Perché l’economia Usa risponde agli stimoli e quella italiana no?

di Giovanni Carlini

La stampa mondiale, a cavallo d’anno, celebra i successi dell’economia statunitense, che tra l’altro ha saputo riportare 3 milioni di disoccupati al lavoro. Da questo evento si possono trarre diverse considerazioni:


Il lavoro, ovvero la quantità di buste paga elargite in regime di produttività, rappresenta il centro pulsante dell’economia moderna anziché essere al traino della finanza, come solitamente pensato, in particolar modo in Occidente.

Durante la crisi c’erano 14 milioni di disoccupati negli Stati Uniti, oggi sono 11. Non che i problemi siano stati risolti, però la strada del risanamento è avviata. Laddove in Italia crea ansia il 43% di disoccupazione giovanile, oltre oceano il problema sono quei disoccupati (7% di media nazionale contro il 12% italiano) che superano i 6 mesi d’inattività, perdendo «attitudine» al lavoro. L’America è veramente un mondo diverso da noi.
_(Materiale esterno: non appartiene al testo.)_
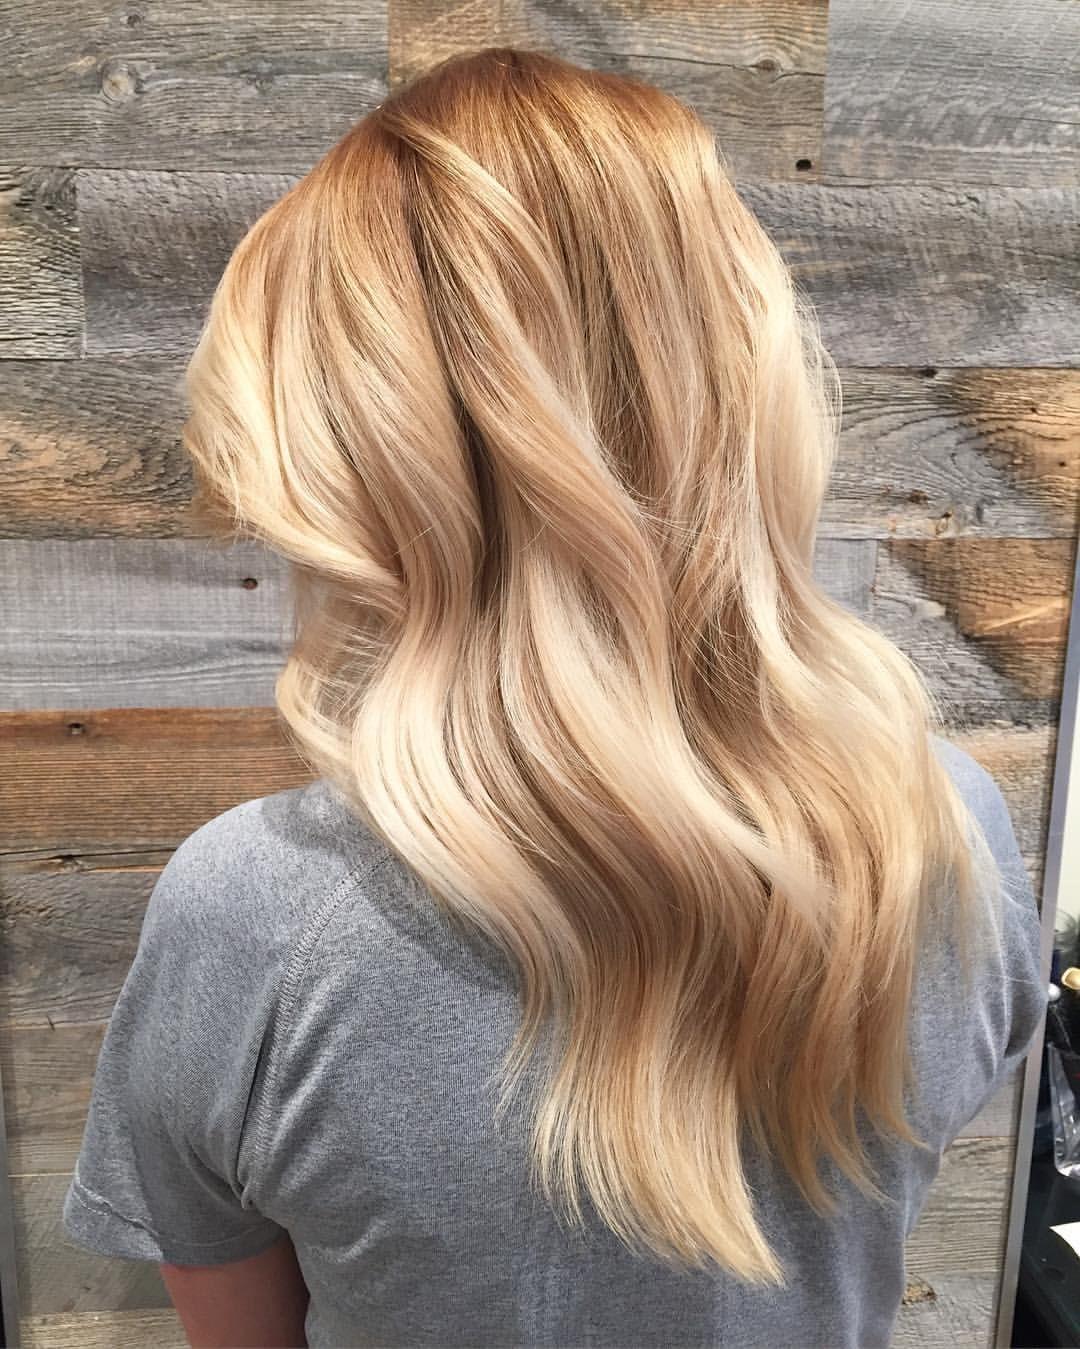 Warm toned blonde \u2026 | Pinteres\u2026
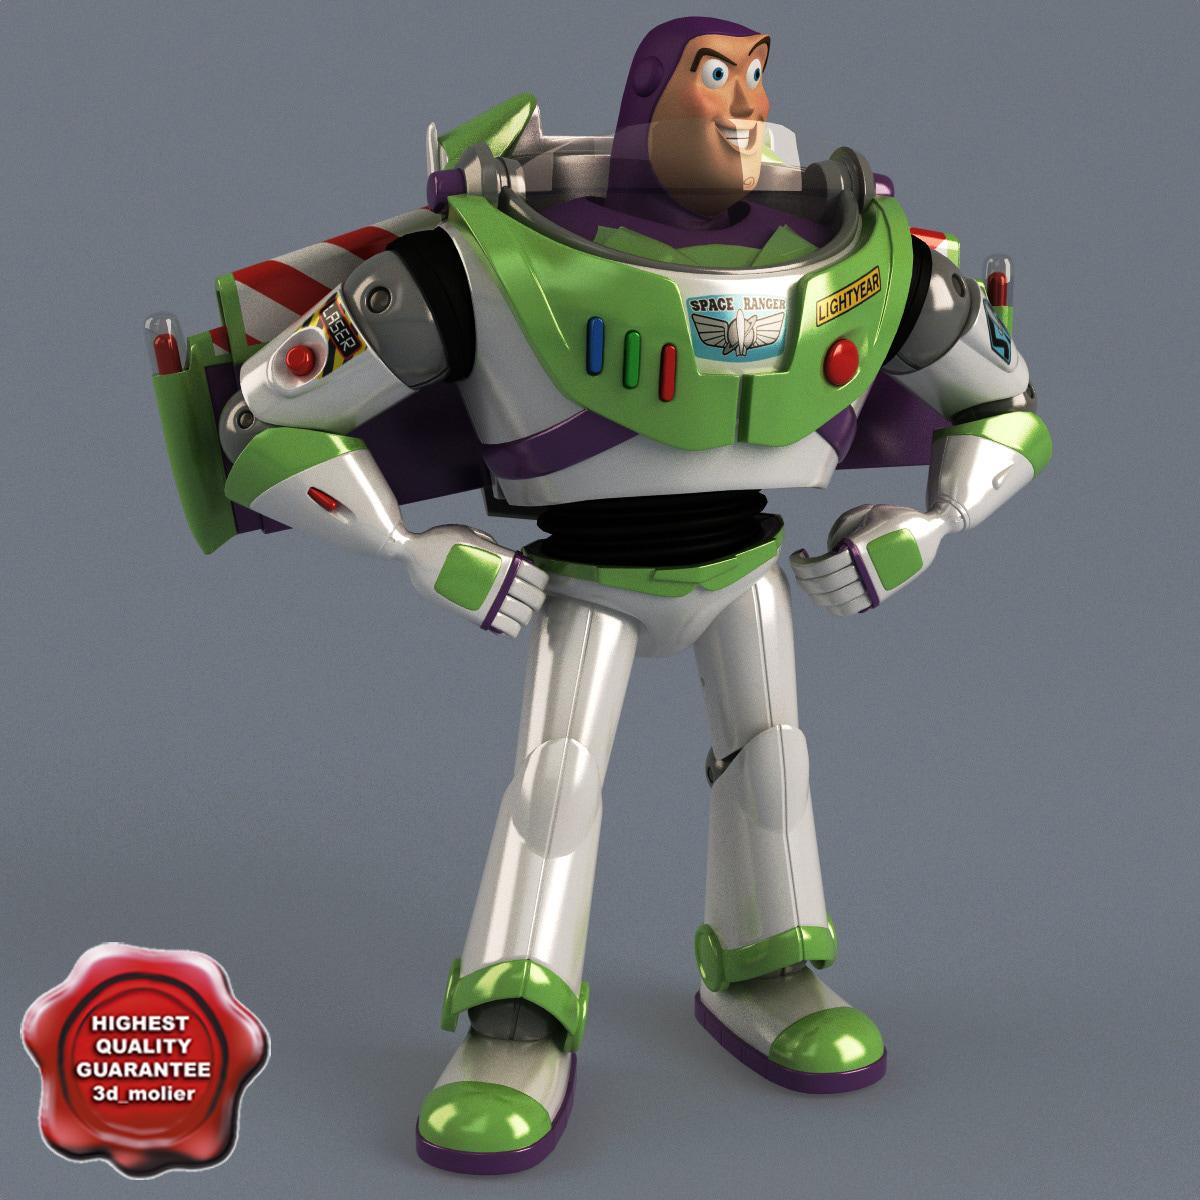 Buzz Lightyear Pose 1

La manovra, per ottenere questo successo negli Stati Uniti, è stata sostanzialmente fiscale, convincendo le imprese a rientrare in Patria abbandonando quei paesi come Cina, Brasile ed Indonesia, dove erano state delocalizzate. Infatti hanno ben agito le agevolazioni nelle tasse d’urbanizzazione e nella tassazione degli utili, convincendo importanti marchi industriali al rientro, producendo nuove assunzioni che hanno tolto il detonatore alla protesta sociale. Questo tipo d’operazione si sintetizza in una parola: reshoring. Molte volte, in questa stessa rubrica si è tornati sul concetto del rimpatrio delle aziende, ma non è ancora entrato nel dibattito nazionale, a discapito della vivibilità del Paese.

C’è un altro aspetto da considerare ugualmente importante. Le politiche monetarie applicate negli Usa funzionano, in Europa e in Italia no. Si possono fare molte considerazioni che riguardano certamente la moneta unica (già criticata con gli stessi argomenti di oggi nel 2001, senza che alcuno si fosse degnato di capire ciò che poi si è rivelato) ma volendo evitare a tutti i costi la polemica su un fallimento, certamente in America è in funzione qualcosa che da noi non è ancora nato: l’ottimismo. Vivendo per mesi, ogni anno, negli Stati Uniti, non riesco a trovare persone arrabbiate o in preda a nervosismo come in Italia.Probabilmente il nostro paese produce quote crescenti di tensione sociale e individuale. Ebbene così non è all’estero e non lo è in America. Approfondendo il concetto, si potrebbe affermare che l’ottimismo «è una materia prima» che, inserita nel circuito sociale e produttivo, determina dei risultati migliori. Si potrebbe lavorare con il sorriso? È assurdo andare al lavoro in forma positiva e con mente aperta? Possiamo considerare le ore trascorse al lavoro (che sono la maggioranza della giornata e della nostra vita, specie se sommate a quelle di viaggio) non come un furto alla vita privata, ma vivendole con spirito produttivo di valori e idee? Si potrebbero considerare le tasse come un giusto contributo alla nostra società, anziché un braccio di ferro contro impari forze avversarie?

Concludendo, pare che la risposta alla nostra crisi non sia tecnica, intesa in questo modo come monetaria, bancaria, fiscale e politica, ma squisitamente privata, personale e caratteriale. Un popolo «dai musi lunghi» arrabbiato e nervoso, irascibile contro gli altri e se stesso, quindi anche contro le Istituzioni, che hanno comunque perso il senso di Stato e di Comunità, non è guaribile se non attraverso una terapia personale del buon umore.

Come si fa? Semplice! Dobbiamo cambiare affinché tutto intorno a noi cambi. Le Istituzioni, ammesso che ancora sappiano essere collegate alla realtà concreta nella Nazione, dovrebbero avere solo un progetto: riassorbire la disoccupazione creando nuove condizioni di lavoro per le imprese. Tutto il resto è sport & divagazione. Dal lavoro nasce stabilità, quindi serenità e la rinascita di una nazione malata. Auguriamoci di riuscire a trovare quegli interlocutori nazionali che sappiano capire i problemi perché se la crisi è grave, lo è per mancanza di leadership. Non abbiamo ancora un leader (ricordo De Gasperi con ammirazione e rispetto) che al momento sappia riunire la Nazione sui grandi temi. La crisi è sempre assenza di sintesi e capi.